Research methodology

My research develops through the stratification of elements drawn from history and literature, as well as cultural and social symbols evoking a sense of unreality, suspended between mystery and marginality. Through photography and installation artwork, I return to the image the suggestions and the experiences lived, telling of ambivalent, mostly nocturnal worlds that generate a sort of temporal suspension and simultaneously pave the way for new interpretations. The transition I am making, from capturing the reality to creating fictitious images, slips continuously through scenic installations, photomontages, dream-like dioramas, and the modelling of three-dimensional shadows. Each time, I try to bring to the audience an altered dimension of reality, or reality itself, that shows how variable, deceptive, charming, it can be.

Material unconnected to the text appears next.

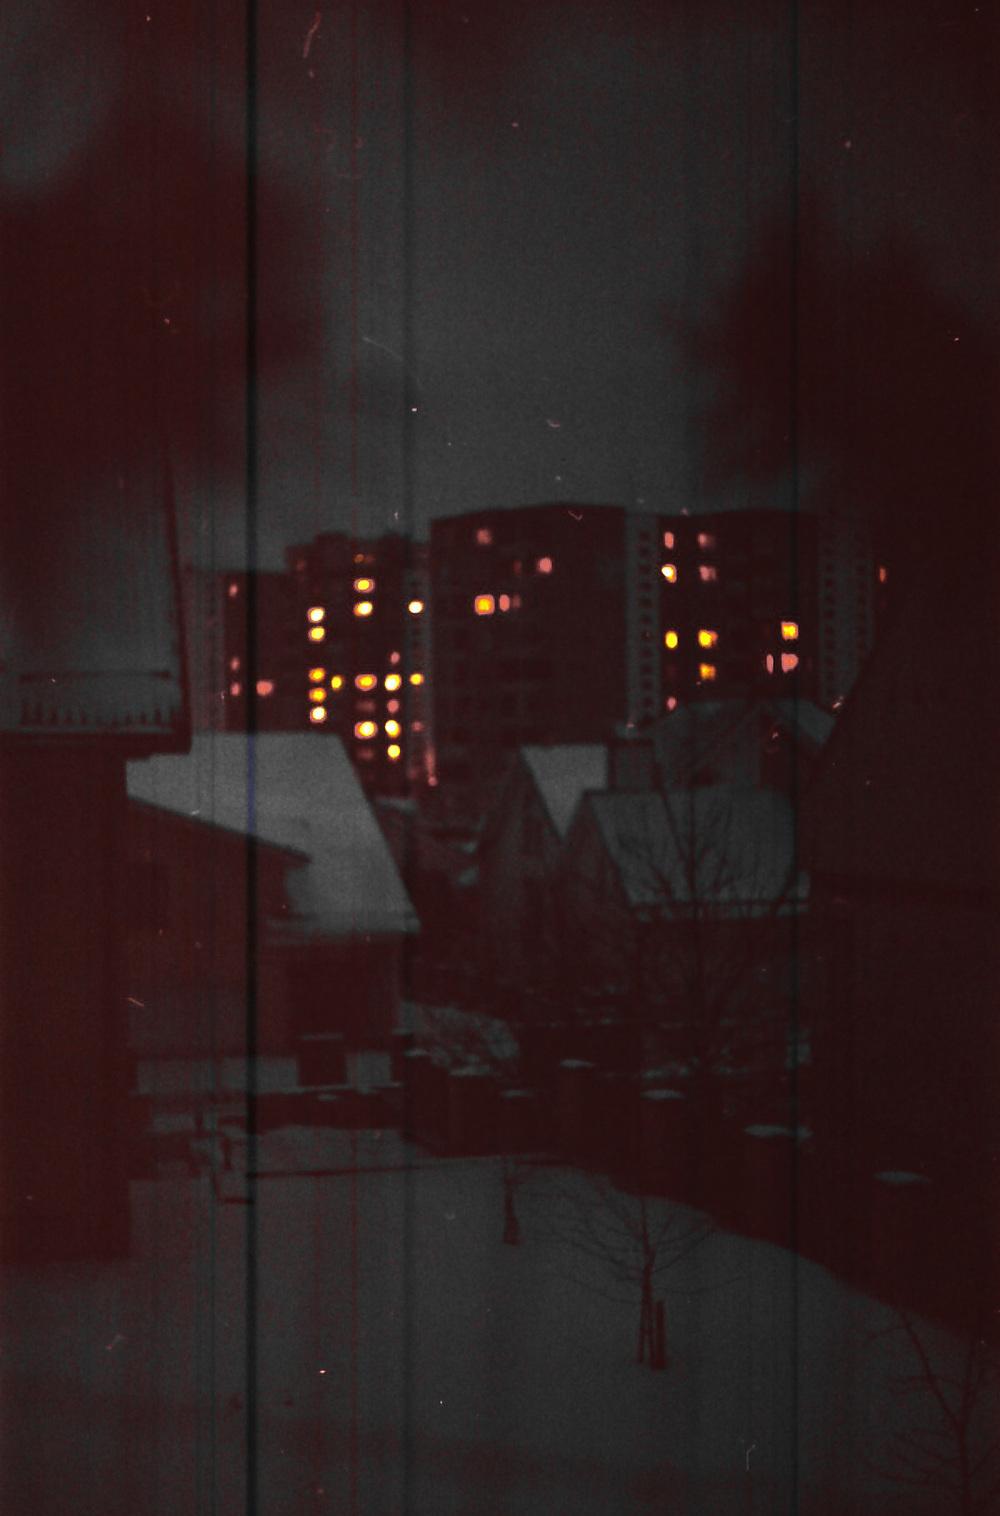 Untitled-Scanned-47.jpg

Artistic crossovers and contaminations

I like to think of going beyond the two-dimensionality of the photographic image, making the viewer’s experience as pervasive and concrete as possible, giving the opportunity to create a universe that is even more personal – insinuating, into the mind of others, suggestions, clues that do not reveal everything immediately but that allow a glimpse of other opportunities. Therefore, I imagine shadows and projections, until I turn them into sculptures, undefined shapes, at the border between reality and fiction. They are literally portions of images that, from two-dimensional appearance, I turn into real space again through a structural reversal: the sculpture gives fullness to what was once empty in the picture. (Nocturnal volumes). Or I think about the potential of a material, and I transform it from an everyday object to an image. I also use objects, as if they were photographic papers, to print an image on their surface, thus conveying the idea of an instant and a place, and getting as close as possible to the suggestion of that given moment. (Faded garden). I like the idea of creating real scenic settings; investigating the possibilities that develop in the mind, in the imagination, and trying to stay as close as possible to these visions.